A study of 300 “next-generation” advisors in the US finds that they are not scared of artificial intelligence taking their jobs and think this tech will benefit their business.

The survey, from Advisor360°, a provider of integrated technology for enterprise wealth management firms, found that 64 per cent of younger advisors call generative AI “a help” for their practice, while 57 per cent believe it is a benefit to the industry.

The firm’s 2024 Connected Wealth Report: AI & the Next-Gen Advisor, looks at how the next generation of financial advisors perceives AI. The advisors in this survey were more or less 36.5 years old, had been in the business for 10 years at firms with $9 billion or more in assets under management, and each managed $40 million in client assets.
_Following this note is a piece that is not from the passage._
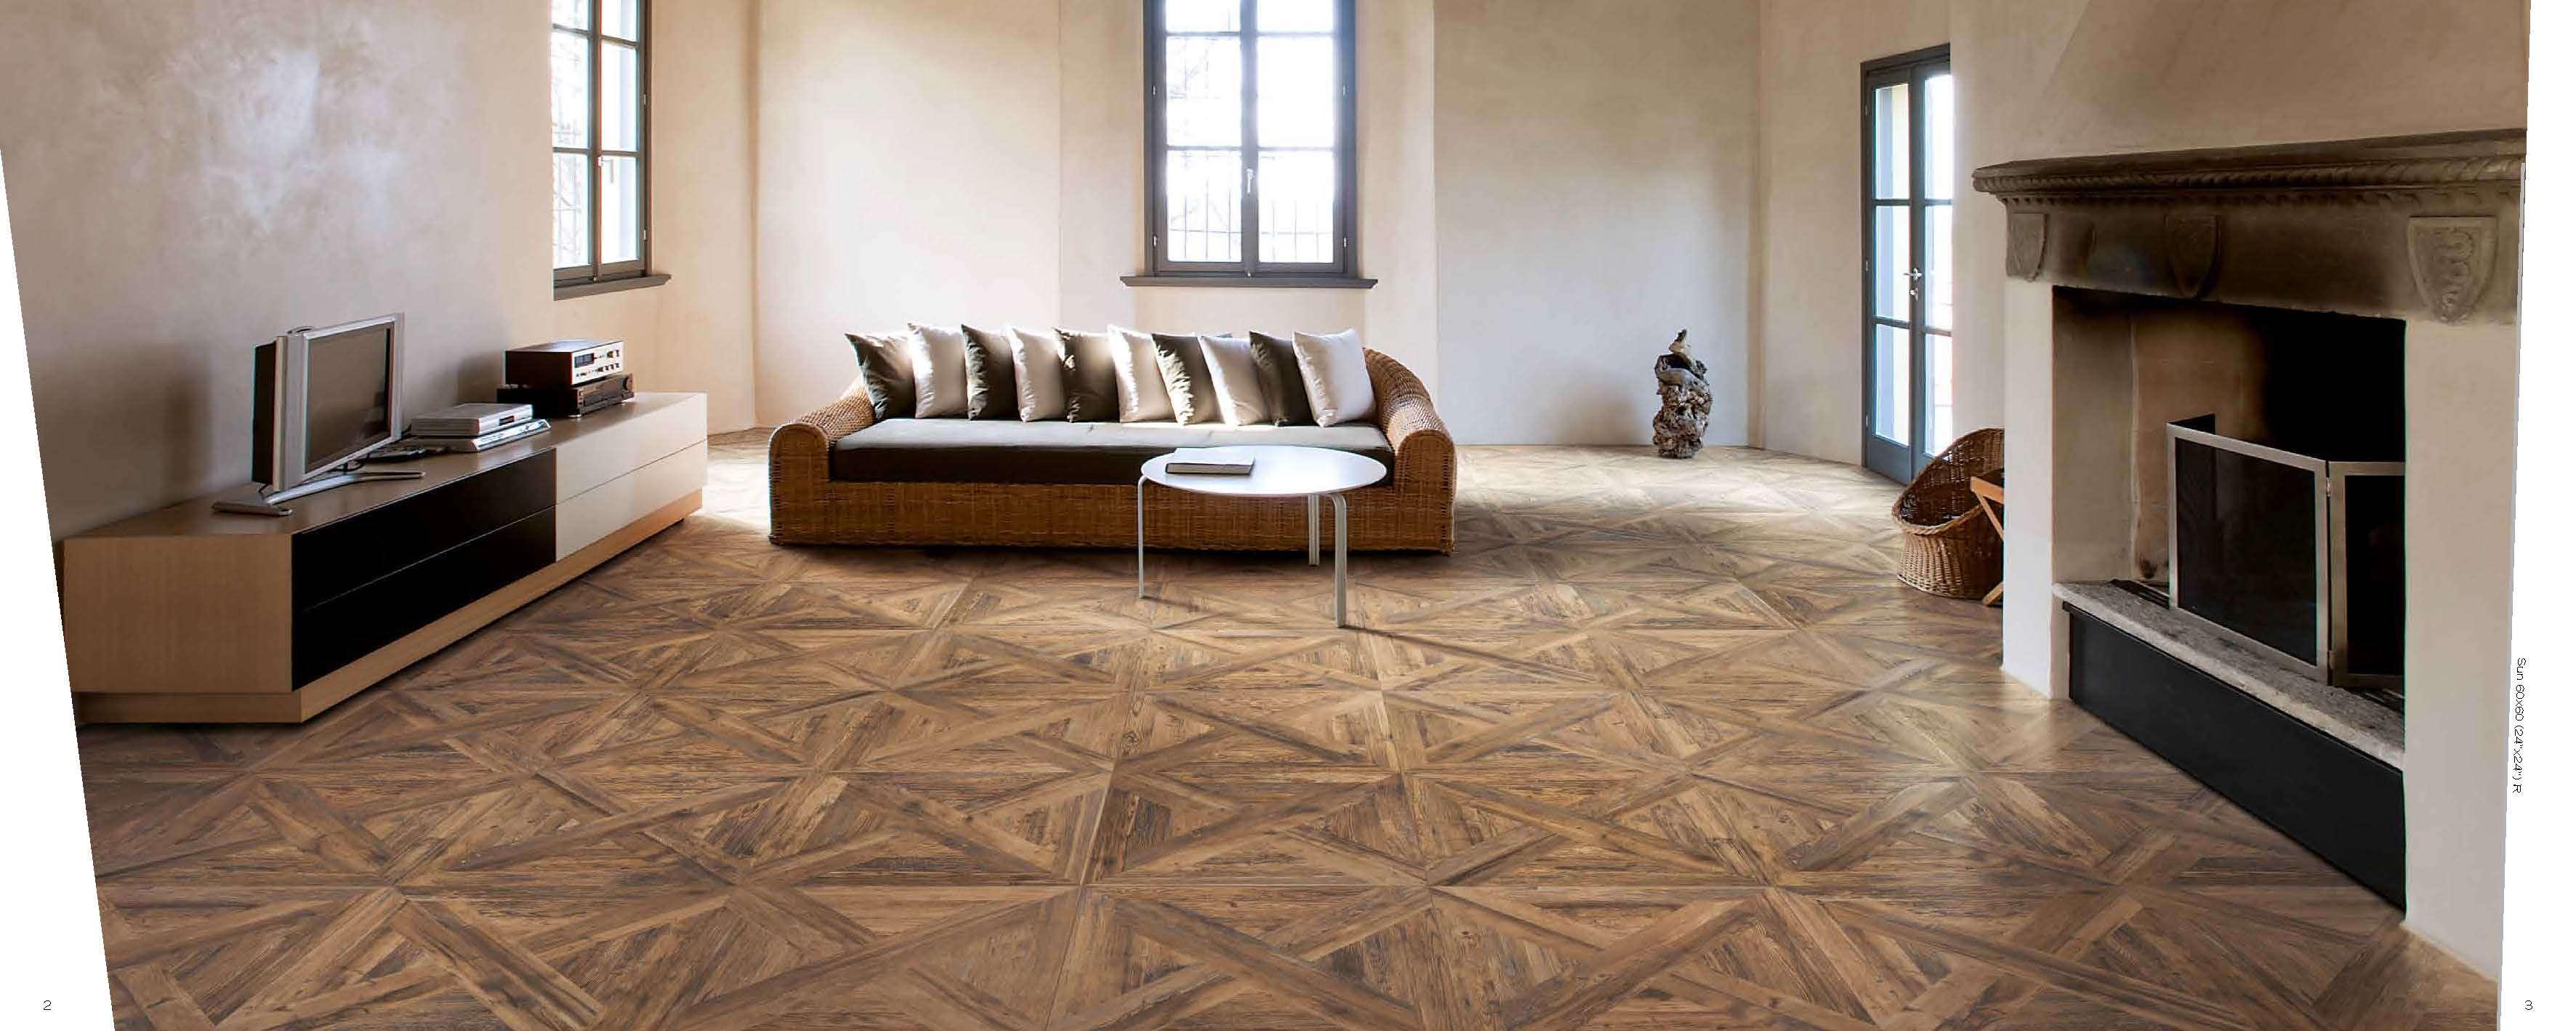 Tile Wood Floors Mix Flooring Floor Layout

Controversy and interest in AI continues in the wealth management sector. The drama at OpenAI in recent days highlights how important AI now is. The explosion of interest around AI this year – as seen by the rise of the ChatGPT platform – has prompted some, such as entrepreneur Elon Musk, to caution about the dangers. On the flipside, Silicon Valley venture capitalist and technology thought leader Marc Andreessen has argued that AI is a major productivity tool and that pessimism and scary scenarios are unwarranted.
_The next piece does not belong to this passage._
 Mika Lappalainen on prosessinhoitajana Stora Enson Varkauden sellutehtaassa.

In other findings, the Advisor360° study showed that 21 per cent of advisors surveyed consider generative AI to be a threat to their personal livelihood and 31 per cent call it a threat to the industry.

“The up-and-coming generation of financial advisors sees generative AI tools as potentially effective for growing and managing their businesses,” Darren Tedesco, president, Advisor360°, said. “Advisors are looking to AI to take on administrative and operational tasks so they can focus on higher value activities, like meeting with current and prospective clients.”
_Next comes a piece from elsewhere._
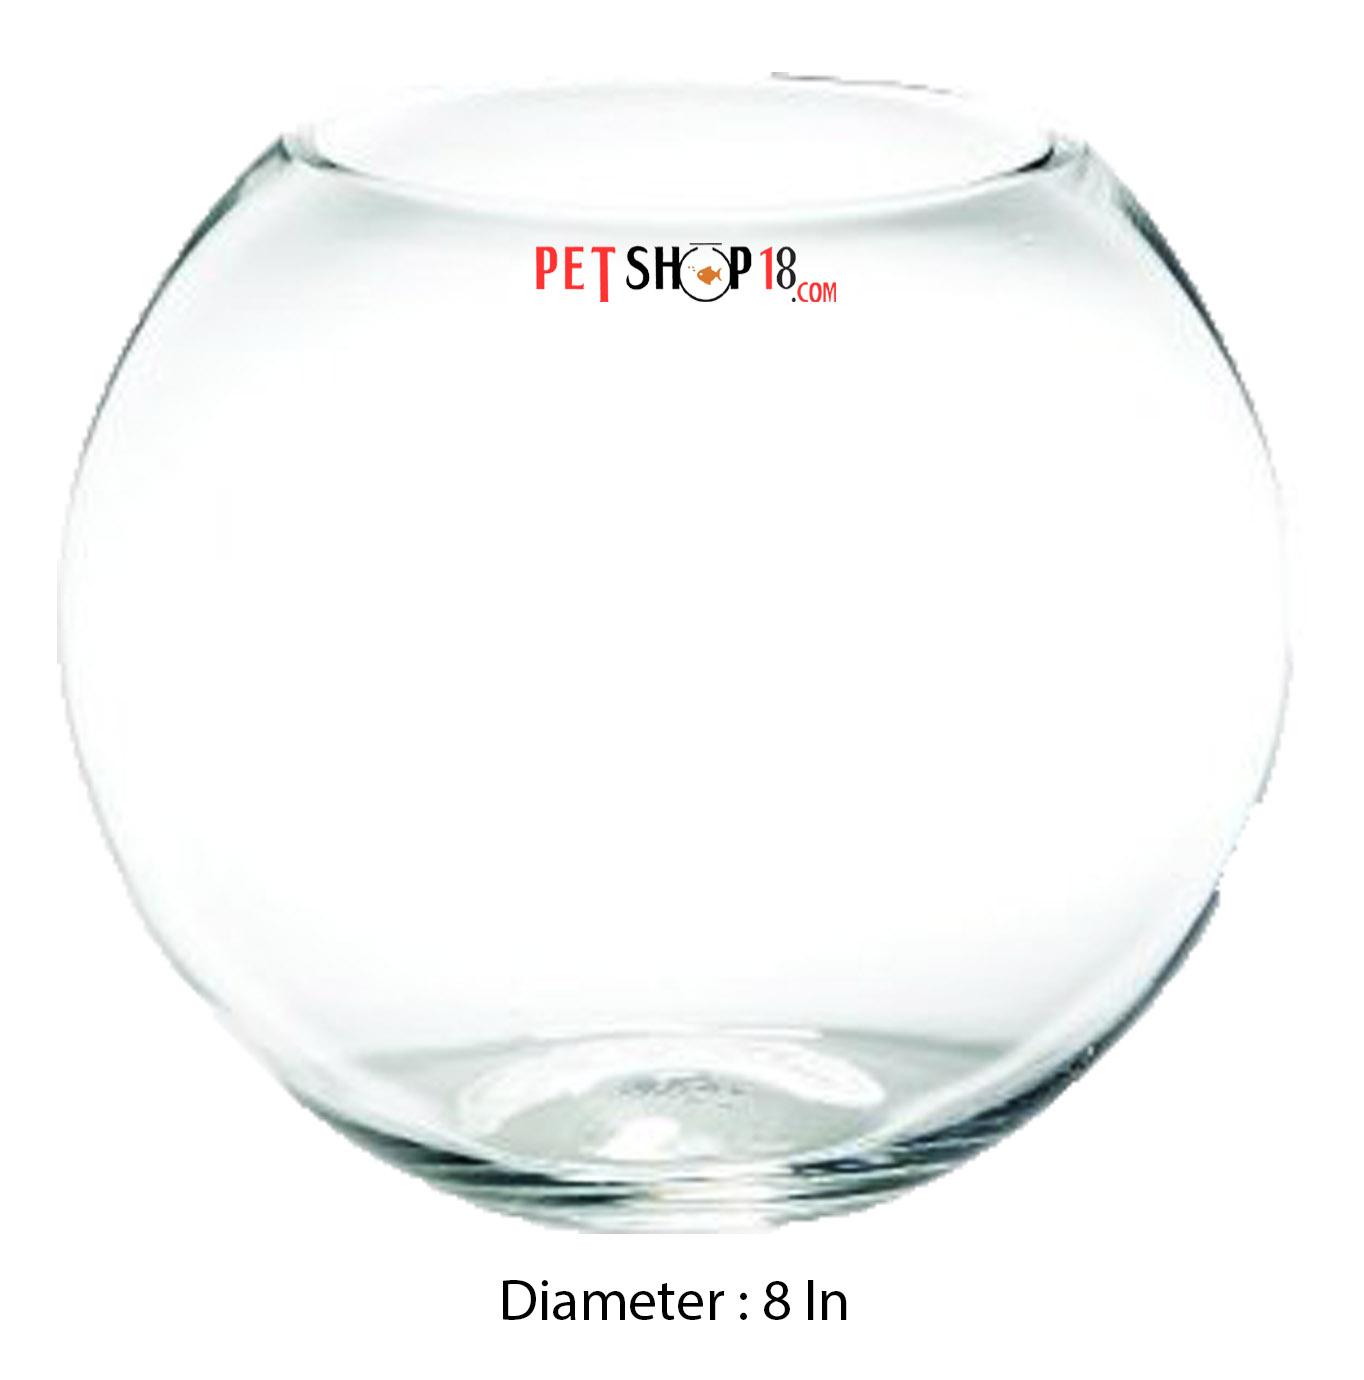 Fish aquarium in karnal - Glass Fish Bowl 8 In

Some 83 per cent of respondents already have access to tools with natural language generation technology – such as ChatGPT – but only 44 per cent say they currently use them for client communications.

The study notes that having access to these tools and using them are two different things. Advisors’ top challenge with generative AI is that they are “hamstrung by firm policies on the technologies they can use,” the study said.

While nearly all respondents say their firms have AI strategies, 43 per cent say advisors should be more involved in shaping them.

More than half of advisors say their firms do not have established policies on how to use generative AI, although firms seem to be working to address this. Already 27 per cent of advisors surveyed say generative AI policies are in development at their firms.

Advisors surveyed say a more concrete direction is needed, with 68 per cent asking for specific regulatory guidance on working with AI. Only 32 per cent of respondents think existing rules will suffice in the future.

“The wealth management industry has only started to scratch the surface on what generative AI can do,” Tedesco said. “Firms with the right systems in place joined with comprehensive and clean data can expect to realize mammoth gains in efficiency, as generative AI is able to tackle more streamlined processes and automated tasks faster and with fewer errors.”

Advisor360° is headquartered in Weston, Massachusetts, with offices in Bengaluru, India; Belfast, Northern Ireland; and a remote workforce in Canada.